金属学报, 2023, 59(1): 1-15 DOI: 10.11900/0412.1961.2022.00026

综述

金属激光增材制造材料设计研究进展

宋波, 张金良, 章媛洁, 胡凯, 方儒轩, 姜鑫, 张莘茹, 吴祖胜, 史玉升,

华中科技大学 材料成形与模具技术国家重点实验室 武汉 430074

Research Progress of Materials Design for Metal Laser Additive Manufacturing

SONG Bo, ZHANG Jinliang, ZHANG Yuanjie, HU Kai, FANG Ruxuan, JIANG Xin, ZHANG Xinru, WU Zusheng, SHI Yusheng,

State Key Laboratory of Materials Processing and Die & Mould Technology, Huazhong University of Science and Technology, Wuhan 430074, China

通讯作者: 史玉升,shiyusheng@hust.edu.cn,主要从事材料增材制造的研究

责任编辑: 毕淑娟

收稿日期: 2022-01-19   修回日期: 2022-04-30  

基金资助: 国家自然科学基金项目(51922044)
中国博士后科学基金面上项目(2021M701293)
中国博士后科学基金面上项目(2021M690061)

Corresponding authors: SHI Yusheng, professor, Tel:(027)87558155, E-mail:shiyusheng@hust.edu.cn

Received: 2022-01-19   Revised: 2022-04-30  

Fund supported: National Natural Science Foundation of China(51922044)
China Postdoctoral Science Foundation Funded Project(2021M701293)
China Postdoctoral Science Foundation Funded Project(2021M690061)

作者简介 About authors

宋 波,男,1984年生,教授,博士

摘要

激光增材制造被公认为是解决个性化、复杂化金属构件整体成形难题的有效技术手段。现有金属增材制造的研究主要从传统合金牌号出发,但基于平衡凝固过程设计的传统合金成分难以满足增材制造的非平衡冶金动力学特点,往往面临高裂纹敏感性、低韧低疲劳、各向异性等共性问题。因此,需要开展面向激光增材制造的新型材料成分设计研究,充分挖掘增材制造非平衡凝固特性的潜在优势与价值。本文综述了铝合金、钛合金、铁基合金、镁合金等不同材料现有合金牌号增材制造的技术瓶颈,以及面向增材制造的材料创新设计方法与新型合金及其复合材料发展的研究进展。最后提出了金属增材制造材料设计的未来发展趋势。

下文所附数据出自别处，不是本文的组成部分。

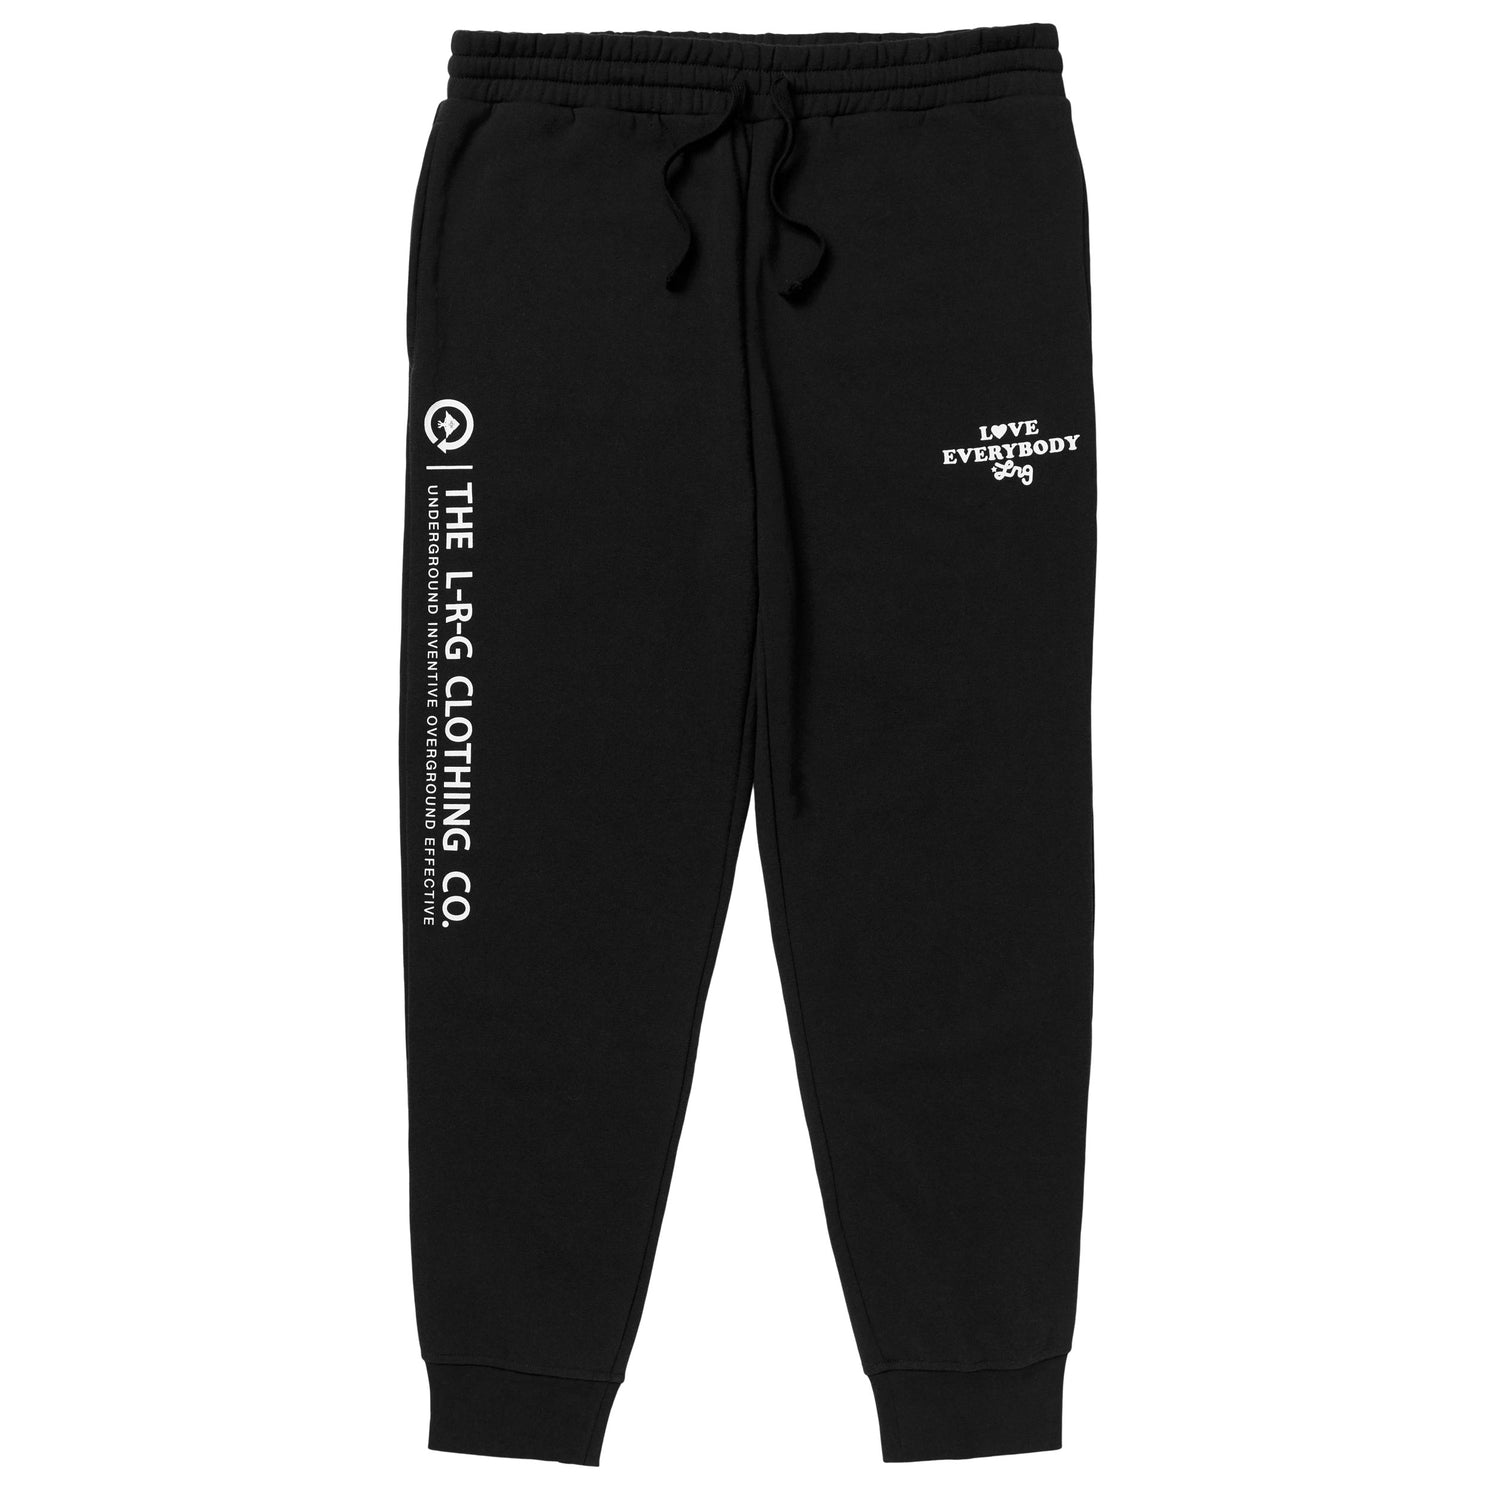 LOVE FOR EVERYBODY JOGGER SWEATPANTS - BLACK
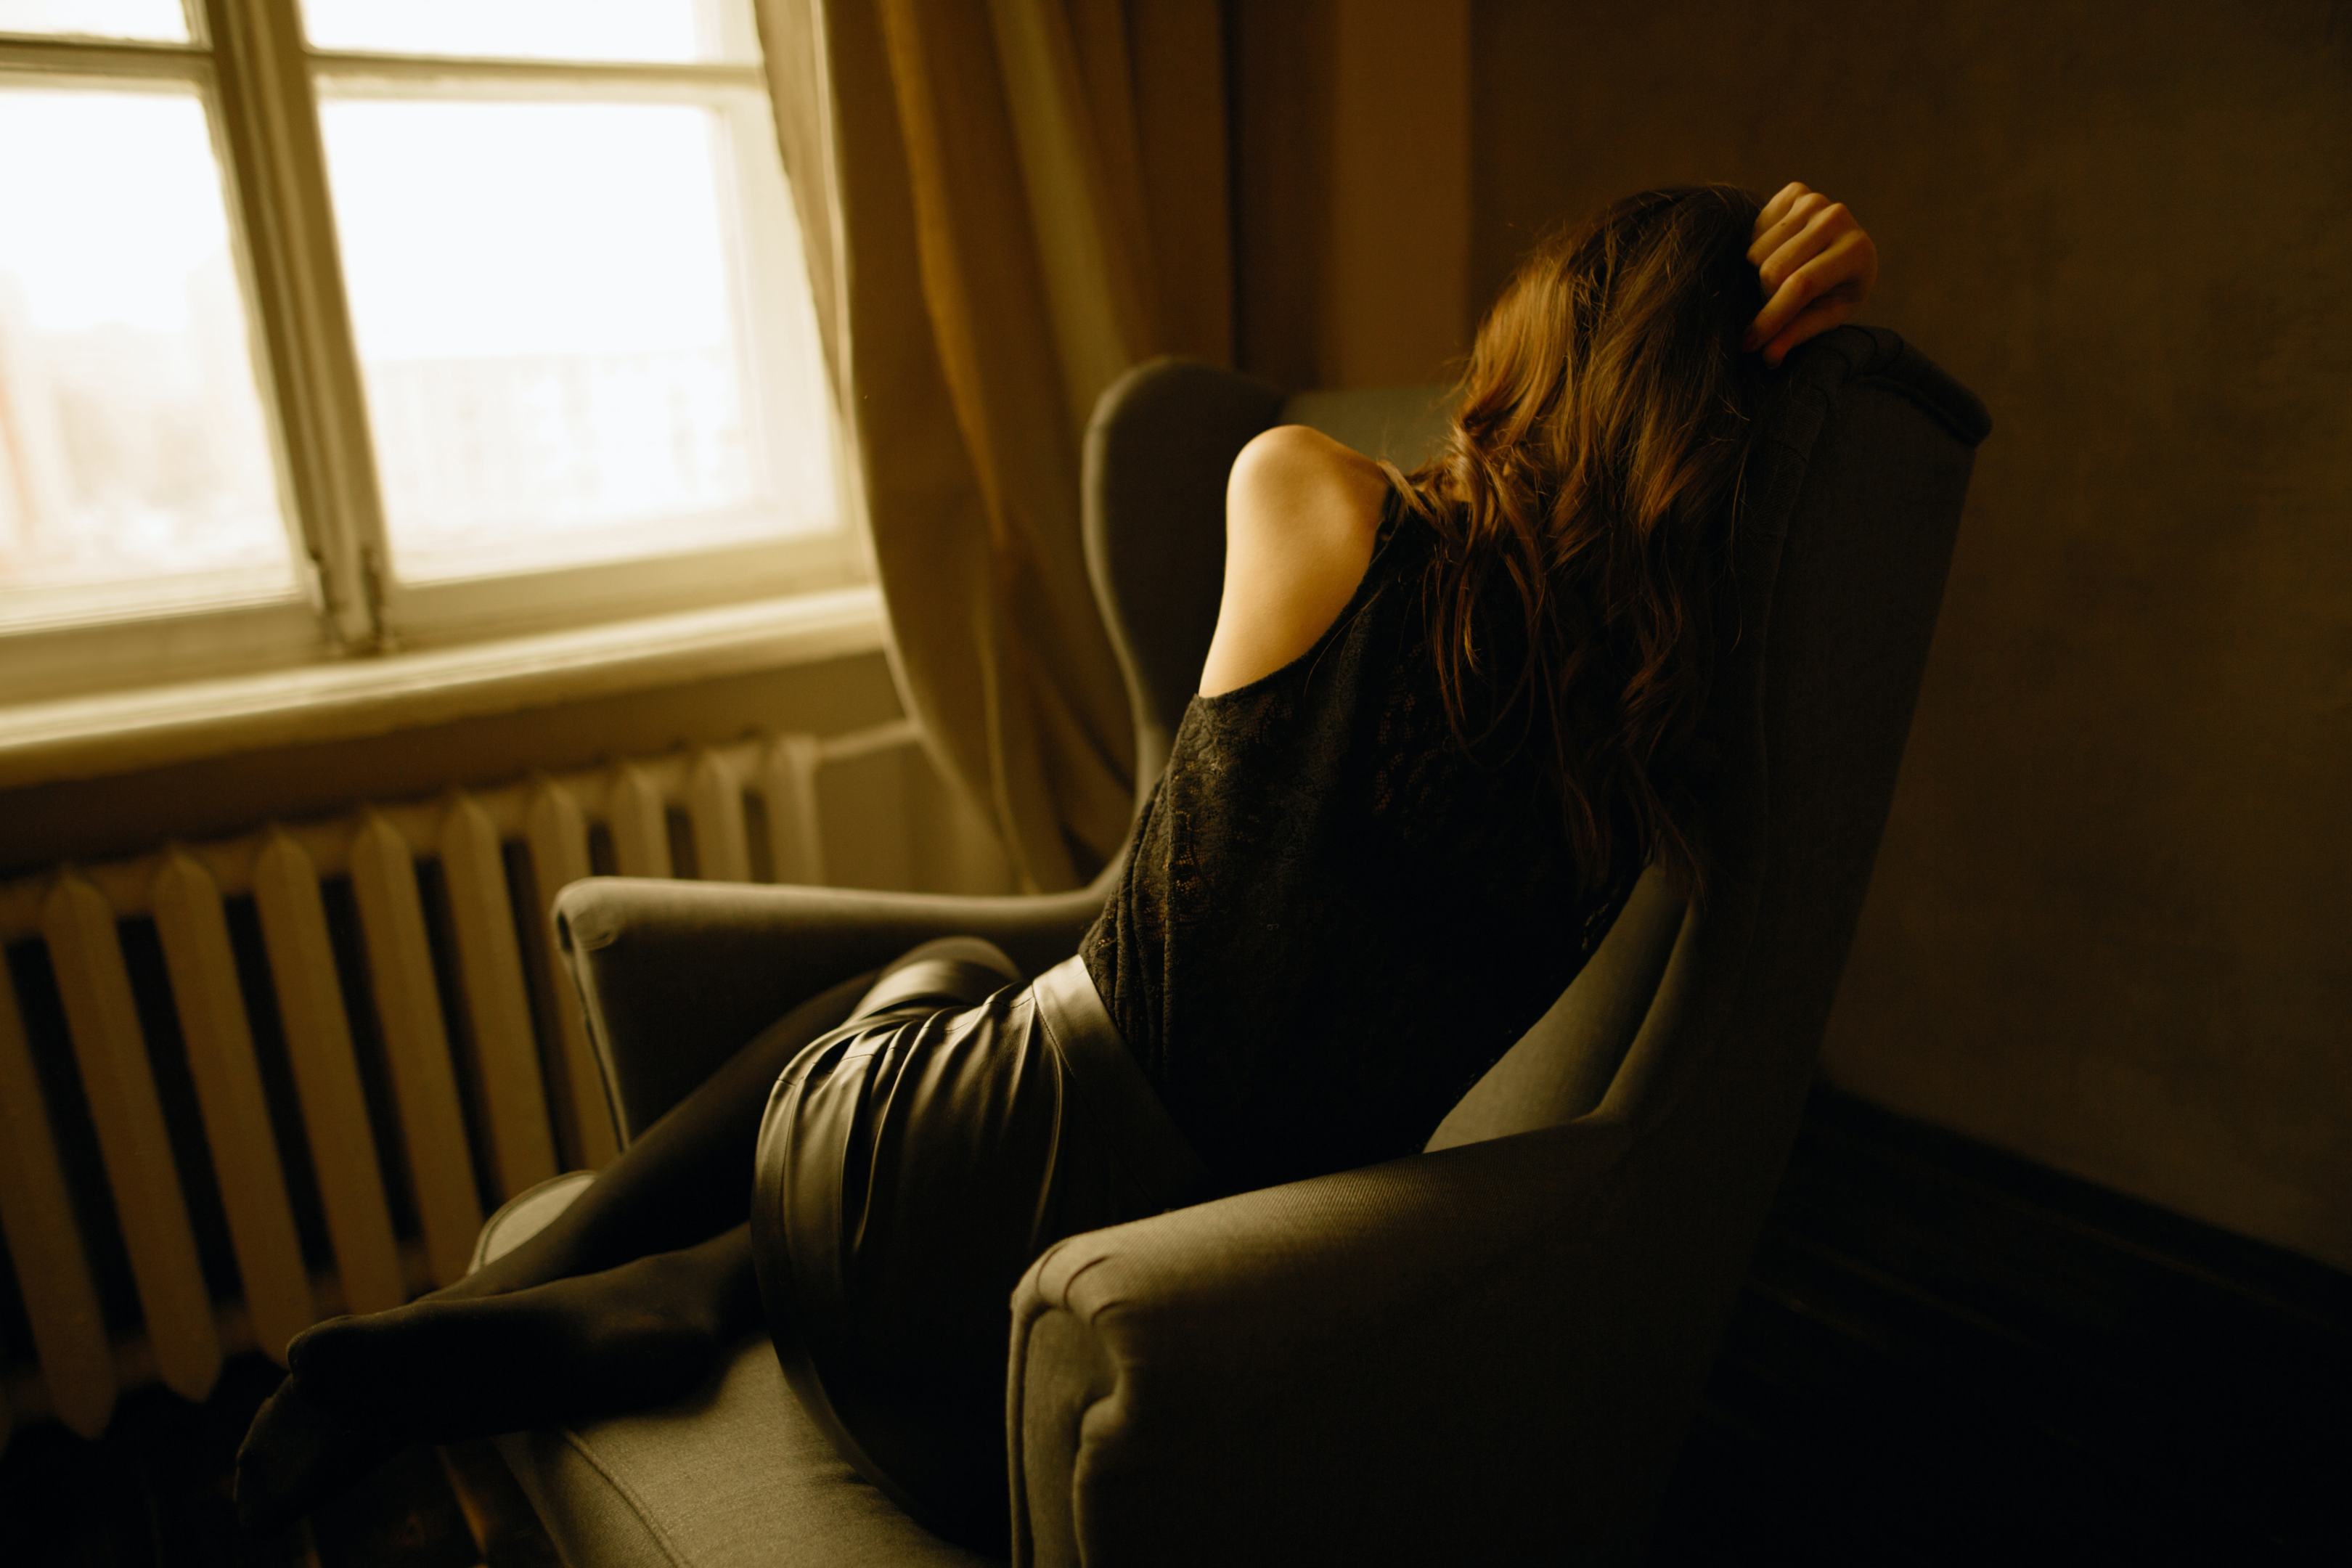 Depressed woman sitting in a chair by a window in the dark

关键词: 激光增材制造; 金属; 材料设计; 新材料

Abstract

Laser additive manufacturing is widely recognized to be an effective method to form complicated and custom metallic components. The existing research on metal additive manufacturing utilizes traditional alloy grades, which are designed based on the assumption that solidification occurs at equilibrium; thus, these materials are not well suited to the nonequilibrium metallurgical dynamics that are present in additive manufacturing techniques. Common issues, such as high crack susceptibility, low toughness, and low fatigue capability, as well as anisotropy, frequently occur during the fabrication of additively manufactured metallic parts. It is therefore necessary to conduct research on the design of new materials designed specifically for laser additive manufacturing in order to fully realize the potential advantages and value of the ultrafast solidification conditions. In this article, the technical bottlenecks, material design methods, and the development of new materials that are applicable to laser additively manufactured metal materials are reviewed; these materials include aluminum alloys, titanium alloys, iron-based alloys, and magnesium alloys. Finally, the potential future direction of research related to laser metal additive manufacturing is discussed.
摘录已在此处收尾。